• [HOW TO COMPLETE THIS TASK]
Copy the lines below exactly, starting at the one with "Jessica Cosmetics Treatment Kit Dry Nails 2" and ending at the one with "Babe Ruth - header", and leave out any picture.
***** DATA SECTION *****
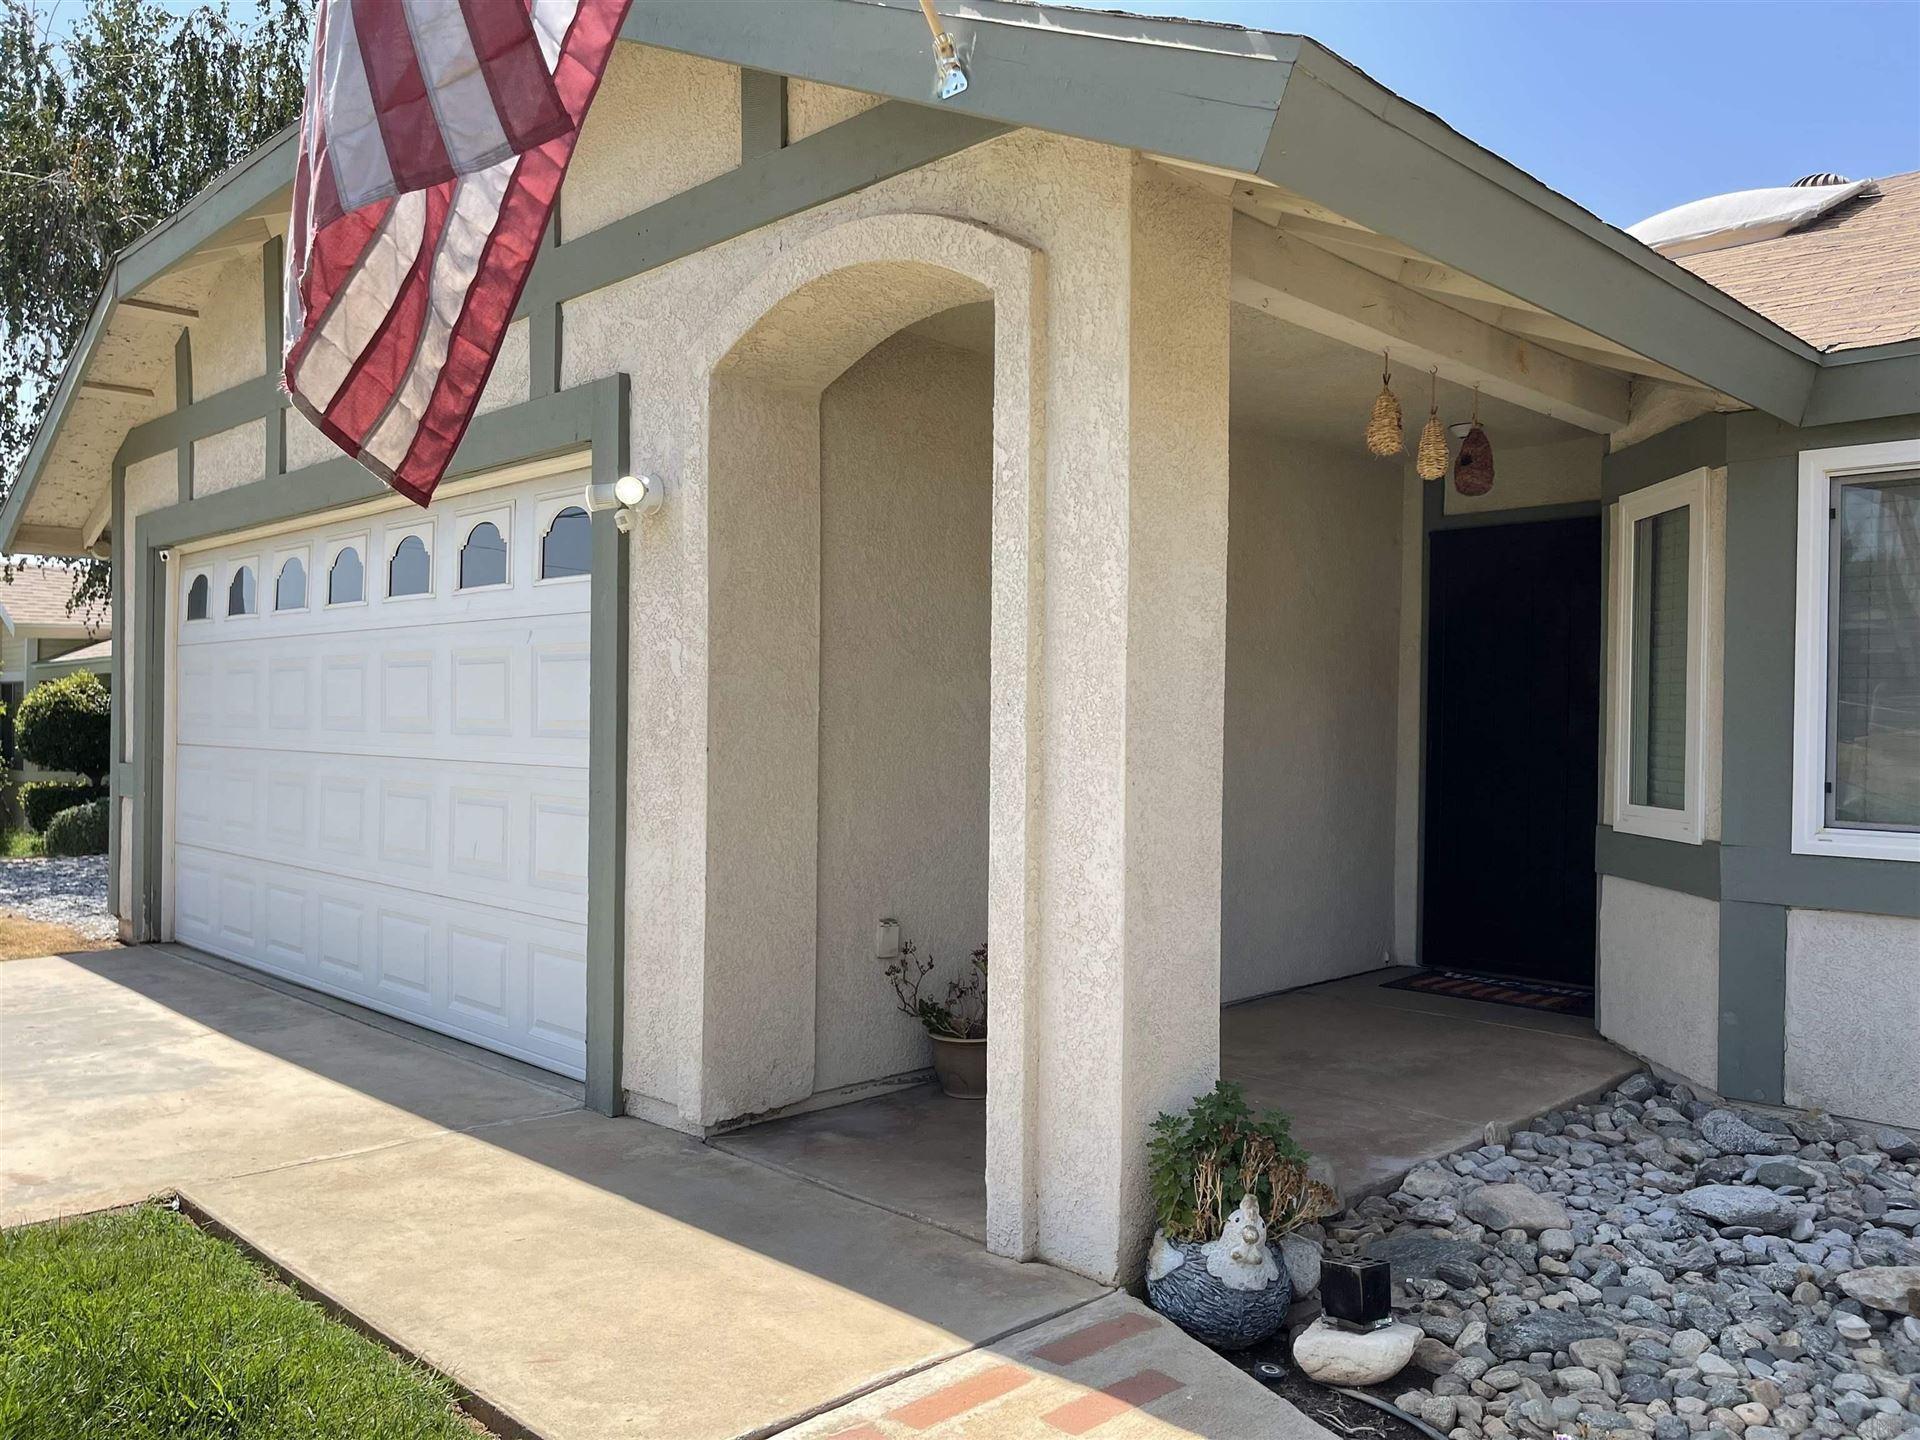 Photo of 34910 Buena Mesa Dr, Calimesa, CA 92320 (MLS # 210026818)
*****
***** DATA SECTION *****
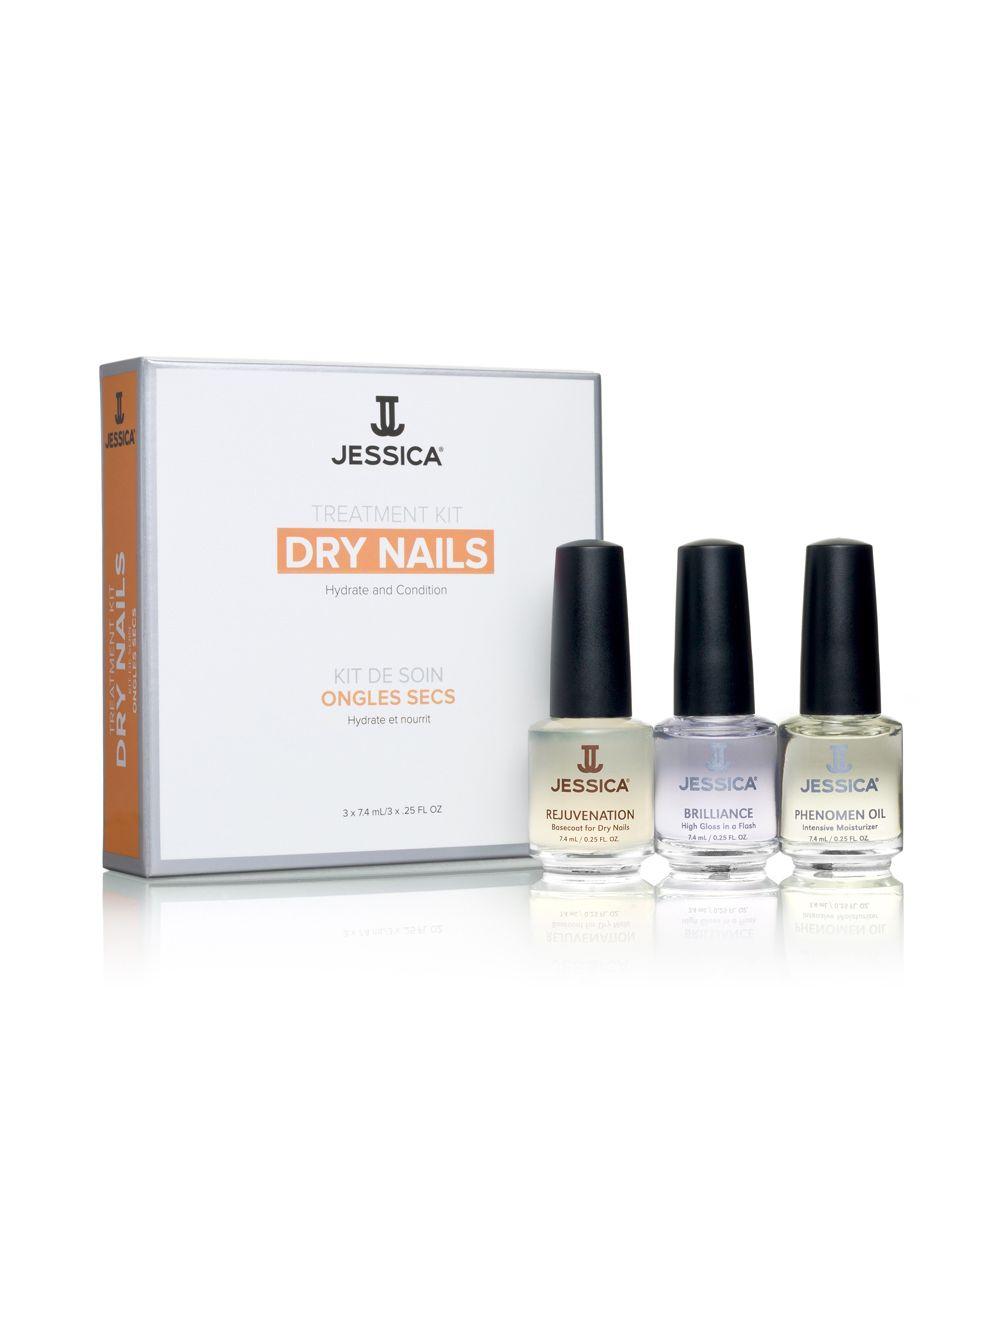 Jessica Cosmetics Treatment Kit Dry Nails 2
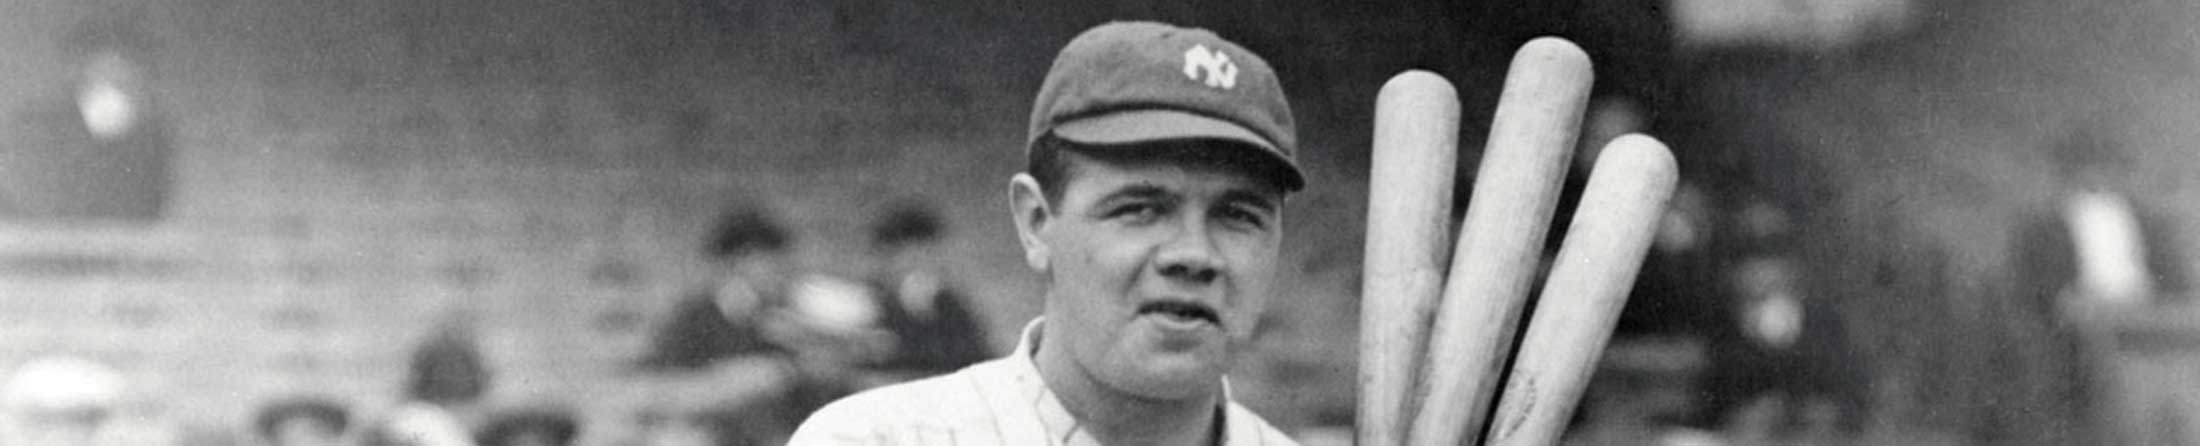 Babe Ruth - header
*****
***** DATA SECTION *****
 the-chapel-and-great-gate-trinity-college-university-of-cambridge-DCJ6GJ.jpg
*****
• [TASK RESPONSE]
 Jessica Cosmetics Treatment Kit Dry Nails 2
 Babe Ruth - header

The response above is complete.